At one point, one could have genuinely argued that streetwear extends beyond pure commerce. Virgil Abloh, one of streetwear’s most prolific provocateurs, has compared it to a form of art. At times that seemed like an interesting, even valid, proposal—streetwear as a late-capitalist creative movement defined by an idea of aesthetic and cultural bricolage. An odd, mixed-up blend of Situationist detournement and Warholian pop-art, sure, but something that held more intellectual merit than simply selling product.

Take Supreme’s release of a brick in September last year. As a product, it was fascinating. Was it Koons-ian style mocking of its own consumer base, reflective of the idea that they could literally make anything and it would sell out? A reference to “Big Brother Skateboards” which, as one SupTalk Forum user wrote, “released an ad in 1995 satirically selling a brick with a sticker of theirs placed on it?” Did it suggest rebellion? Bricks are the literal foundations of cities and whirring hubs of commerce, but also usually the first things that are picked up and thrown when rioting and civil unrest occurs. Or was it just a brick?

Brands like Supreme have continually laced their products with implicit meanings and cues—and this practice has always been both extremely clever and worth exploring, even for those with no interest in purchasing the actual thing.

Virgil Abloh’s Nike “The Ten” collaboration offered hope that 2017 was merely a blip, a bad year. It was a brilliant collaboration, both in its design language, and in how the release was accompanied by symposiums-slash-workshops in London and New York, where aspiring designers of the future could speak to, and create with, the likes of Heron Preston and Michele Lamy. It was not only great product, but it felt like an exciting a teaser of how streetwear might, and perhaps should, look in the future: impactful and open to all, in theory.

But as Nike launched the product, the overwhelming demand crashed their SNKRS app and sent resell prices through the roof, highlighting the paradox where streetwear’s popularity has outgrown its outsider status.
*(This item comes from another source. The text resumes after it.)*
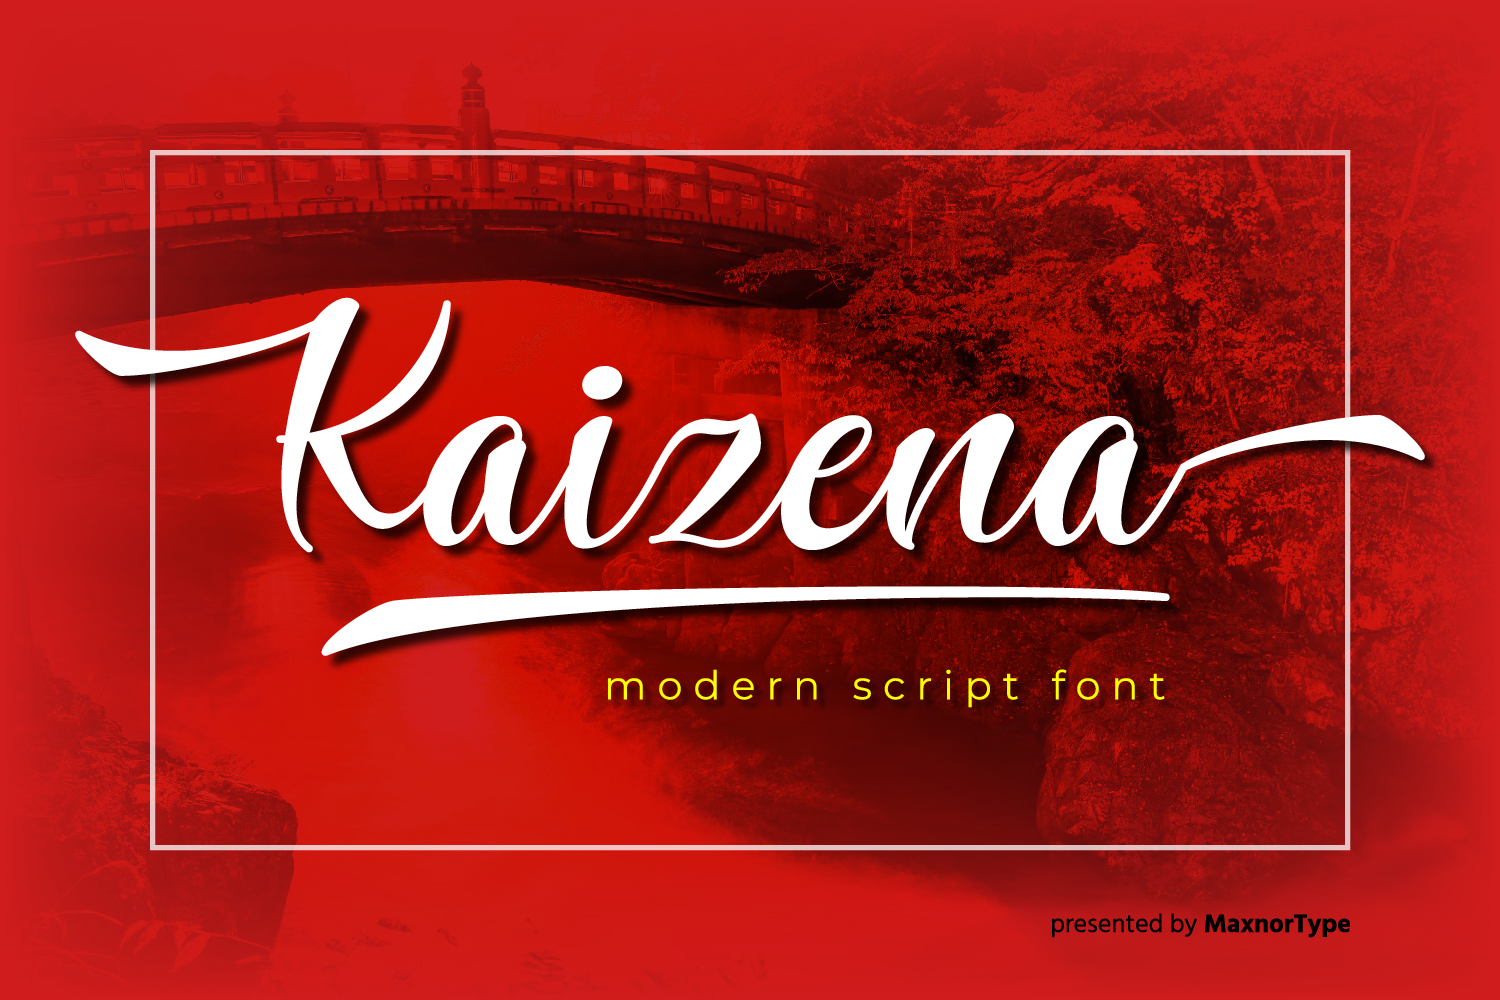 Kaizena A Modern Script Font By Maxnortype Thehungryjpeg Com

Today, streetwear is big business. Recently, it was announced that HUF would sell a 90% stake of its business to Japanese investors for $63 million. Compare Carlyle’s $500m Supreme investment to when BAPE was sold to Hong Kong’s I.T. Group back in 2011 for a paltry $2.8m. BAPE was, at the time, in poor financial shape despite being at the height of its popularity, but the comparison is still striking.

Streetwear isn’t just driving its own growth: it’s the dominant trend for luxury fashion houses too. In October, The Fashion Law reported that “high-end streetwear helped boost global sales of luxury personal goods by 5 percent this year to an estimated 263 billion euros ($309 billion),” according to a report by the consultancy Bain & Company.

It’s notable that those who are arguably making the most interesting moves this past year also exist with one foot in the streetwear industry, without being archetypically “streetwear.” NOAH is categorized as such, but is more post-#menswear in its aesthetic and punk in its attitude. 032chas translated its blend of intellectualism-meets-pop-culture populism into a highly successful array of products. Grailed has set about revolutionizing the resell market, while Chicago’s Boot Boyz have been conscientiously constructing complex narratives on cotton, with references ranging from Goldie to Bauhaus. All of these entities operate in the spirit of streetwear which originally lent it its original amorphous quality. They’re starkly original, disruptive or revel in a sense of otherness – sometimes all three.

But for others, from Supreme to the brands showing at ComplexCon, 2018 will present a pronounced challenge in maintaining the buzz that made streetwear an outlier in the first place. Can an industry so visibly profitable remain cool?